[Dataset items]
------------------------

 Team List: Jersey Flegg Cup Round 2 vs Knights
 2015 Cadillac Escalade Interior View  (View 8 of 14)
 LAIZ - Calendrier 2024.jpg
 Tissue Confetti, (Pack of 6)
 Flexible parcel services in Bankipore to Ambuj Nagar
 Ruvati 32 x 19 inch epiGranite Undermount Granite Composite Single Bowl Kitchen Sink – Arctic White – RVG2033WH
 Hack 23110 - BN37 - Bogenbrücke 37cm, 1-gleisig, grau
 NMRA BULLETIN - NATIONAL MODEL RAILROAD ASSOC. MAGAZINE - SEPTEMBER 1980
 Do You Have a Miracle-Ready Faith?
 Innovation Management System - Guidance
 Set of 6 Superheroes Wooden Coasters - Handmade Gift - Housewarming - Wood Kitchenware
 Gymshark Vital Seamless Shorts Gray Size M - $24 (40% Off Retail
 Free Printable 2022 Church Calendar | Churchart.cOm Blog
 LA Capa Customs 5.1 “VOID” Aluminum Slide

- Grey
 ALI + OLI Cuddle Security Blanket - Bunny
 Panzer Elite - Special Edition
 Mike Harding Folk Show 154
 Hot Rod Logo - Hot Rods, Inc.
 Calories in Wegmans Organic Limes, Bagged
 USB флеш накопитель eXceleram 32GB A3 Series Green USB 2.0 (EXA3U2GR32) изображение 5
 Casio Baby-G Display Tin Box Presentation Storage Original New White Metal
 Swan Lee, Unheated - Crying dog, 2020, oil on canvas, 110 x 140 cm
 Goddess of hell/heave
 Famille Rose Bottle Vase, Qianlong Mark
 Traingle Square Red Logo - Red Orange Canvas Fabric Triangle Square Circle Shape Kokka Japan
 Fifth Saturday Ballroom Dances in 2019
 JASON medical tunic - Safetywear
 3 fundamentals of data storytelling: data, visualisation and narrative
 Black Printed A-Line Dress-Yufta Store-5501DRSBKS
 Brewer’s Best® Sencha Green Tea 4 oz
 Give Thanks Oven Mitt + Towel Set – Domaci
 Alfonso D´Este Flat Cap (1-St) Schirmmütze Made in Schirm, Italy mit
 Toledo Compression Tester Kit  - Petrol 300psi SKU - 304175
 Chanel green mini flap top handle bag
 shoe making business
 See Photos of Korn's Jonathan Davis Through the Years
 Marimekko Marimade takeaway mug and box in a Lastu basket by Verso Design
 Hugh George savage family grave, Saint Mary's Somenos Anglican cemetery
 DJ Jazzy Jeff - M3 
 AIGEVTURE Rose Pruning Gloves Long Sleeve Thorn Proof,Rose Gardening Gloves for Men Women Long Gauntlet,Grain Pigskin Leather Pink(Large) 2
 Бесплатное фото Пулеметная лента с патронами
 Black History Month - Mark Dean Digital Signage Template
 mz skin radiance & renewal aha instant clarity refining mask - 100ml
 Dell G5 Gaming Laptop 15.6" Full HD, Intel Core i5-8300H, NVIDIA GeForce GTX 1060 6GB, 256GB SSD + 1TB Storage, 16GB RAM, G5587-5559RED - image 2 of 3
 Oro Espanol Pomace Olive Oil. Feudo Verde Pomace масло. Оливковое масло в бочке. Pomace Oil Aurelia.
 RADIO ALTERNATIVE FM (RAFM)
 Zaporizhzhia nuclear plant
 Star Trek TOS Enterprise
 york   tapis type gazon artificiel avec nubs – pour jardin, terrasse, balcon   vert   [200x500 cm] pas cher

------------------------

• **EXERCISE**: Set down again, word for word, the stretch of records from the line with "Flexible parcel services" to the line with "Famille Rose Bottle Vase, Qianlong Mark", both of those lines included.

• **TASK RESULT**:
 Flexible parcel services in Bankipore to Ambuj Nagar
 Ruvati 32 x 19 inch epiGranite Undermount Granite Composite Single Bowl Kitchen Sink – Arctic White – RVG2033WH
 Hack 23110 - BN37 - Bogenbrücke 37cm, 1-gleisig, grau
 NMRA BULLETIN - NATIONAL MODEL RAILROAD ASSOC. MAGAZINE - SEPTEMBER 1980
 Do You Have a Miracle-Ready Faith?
 Innovation Management System - Guidance
 Set of 6 Superheroes Wooden Coasters - Handmade Gift - Housewarming - Wood Kitchenware
 Gymshark Vital Seamless Shorts Gray Size M - $24 (40% Off Retail
 Free Printable 2022 Church Calendar | Churchart.cOm Blog
 LA Capa Customs 5.1 “VOID” Aluminum Slide

- Grey
 ALI + OLI Cuddle Security Blanket - Bunny
 Panzer Elite - Special Edition
 Mike Harding Folk Show 154
 Hot Rod Logo - Hot Rods, Inc.
 Calories in Wegmans Organic Limes, Bagged
 USB флеш накопитель eXceleram 32GB A3 Series Green USB 2.0 (EXA3U2GR32) изображение 5
 Casio Baby-G Display Tin Box Presentation Storage Original New White Metal
 Swan Lee, Unheated - Crying dog, 2020, oil on canvas, 110 x 140 cm
 Goddess of hell/heave
 Famille Rose Bottle Vase, Qianlong Mark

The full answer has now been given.